Baudrillard is imho mos def a reactionary thinker who in his own way pulled a kind of a Nick Land moment of his own, switching his intellectual foundations from Marx to Nietzsche. Deleuze can be wielded both by the left and by the right. And perhaps the time will come when even Foucault's critique of power can be used against the same hegemons who are presently helping the lunatics to take over the asylum in liberal arts colleges like Evergreen.

Capitalism is an accelerator of cultural processes. Those intellectuals you are citing weren't "butthurt" because communism failed. If anything their thought helped to accelerate its victory - but look at the world that victory subsequently produces. Nobody with more than a half a brain would be celebrating the fact that culture becomes atomized, transparent, digital, and completely indistinguishable from simulacra.

Communism is alive and well today. It's just divorced from its actual armed-cells form. Which nobody actually wants anyways: it's why Zizek still champions the idea of democracy.
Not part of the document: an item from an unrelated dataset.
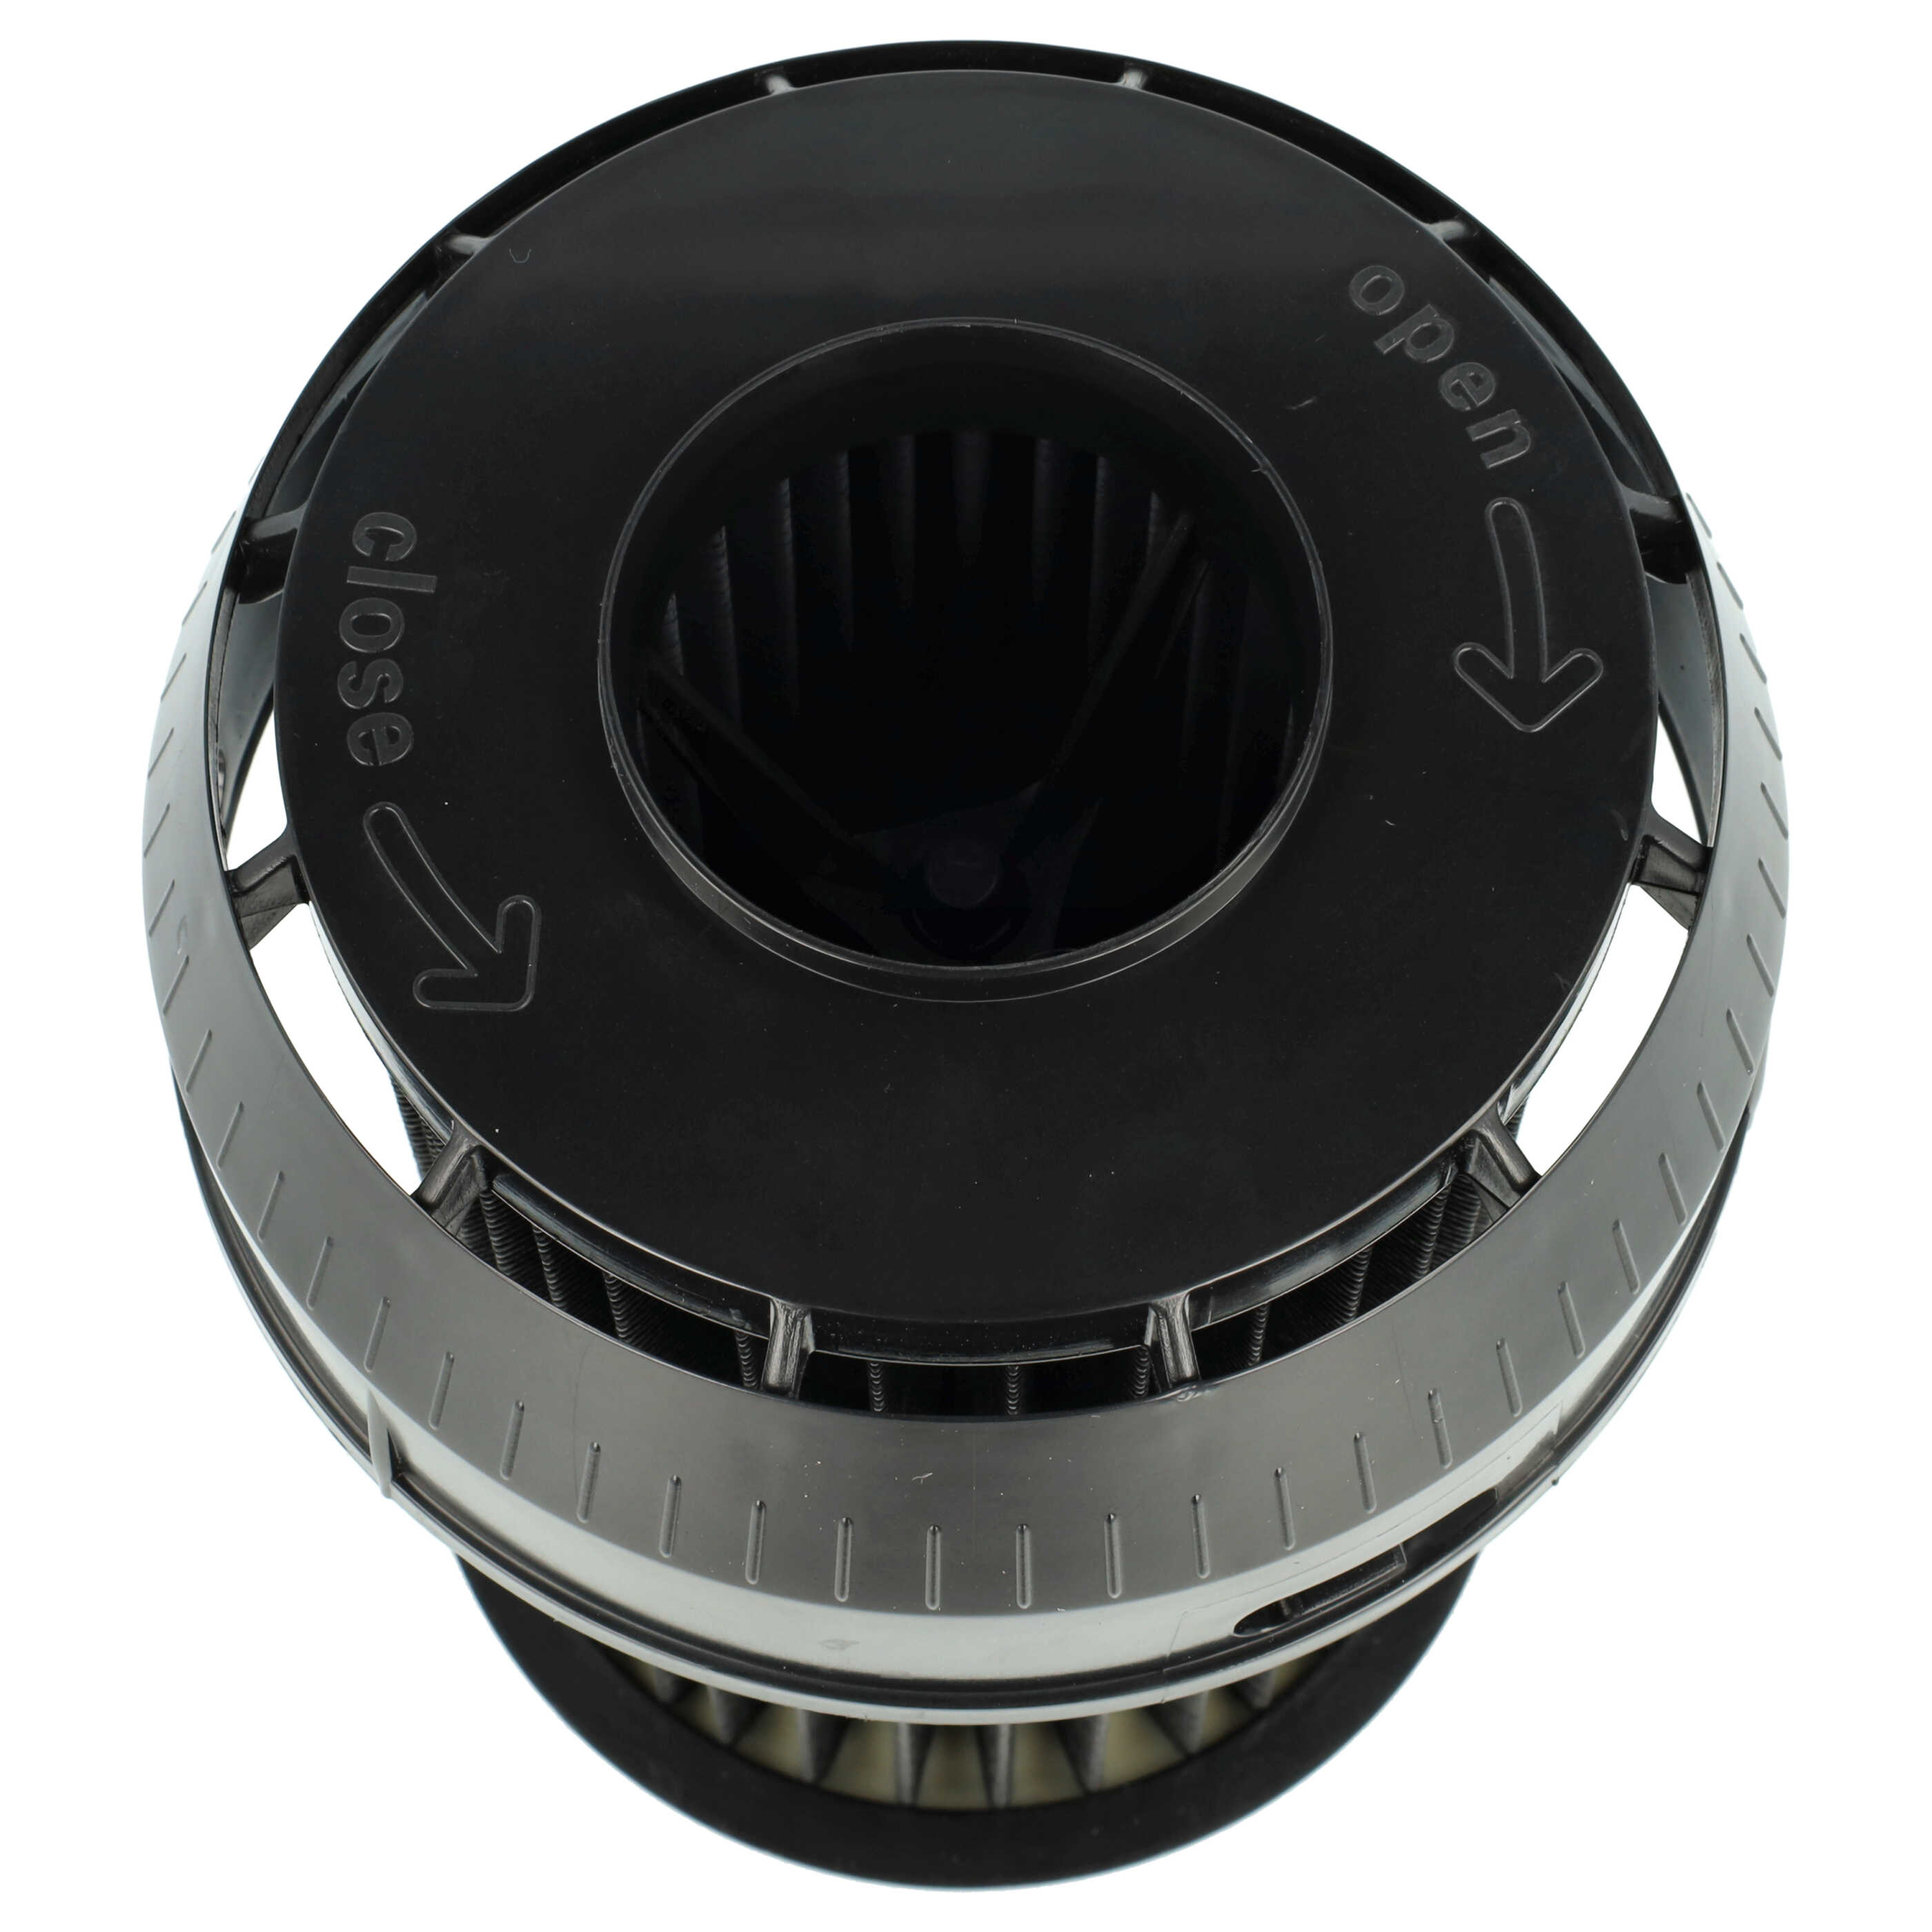 Filtre remplace Bosch 2609256d46, 00649841 pour aspirateur - filtre à lamelles

A democracy which is rapidly fading from view.
https://twitter.com/EricRWeinstein/status/868116763682025472

Debord knew that beyond a certain horizon there was no difference between an image and the real. Baudrillard even more clearly. Foucault only saw power: is this somehow misguided today? D&G wanted you to break free and celebrate actual difference (rather than the idpol horseshit you see today) - does this seem like such a bad idea?

The reason why things are the way they are today is not because those intellectual were wrong but because they were right. Really right. So right in fact that people who don't even understand or read them can absorb the whole message as a gospel of progressivism. Which is what is presently happening. They were so right that besides Nick Land you almost can't name intellectuals on the right that compare - and even Land draws on Deleuze and the rest.

Sorry anon. Your post is all kinds of wrong. For better or for worse we're all in this thing together now.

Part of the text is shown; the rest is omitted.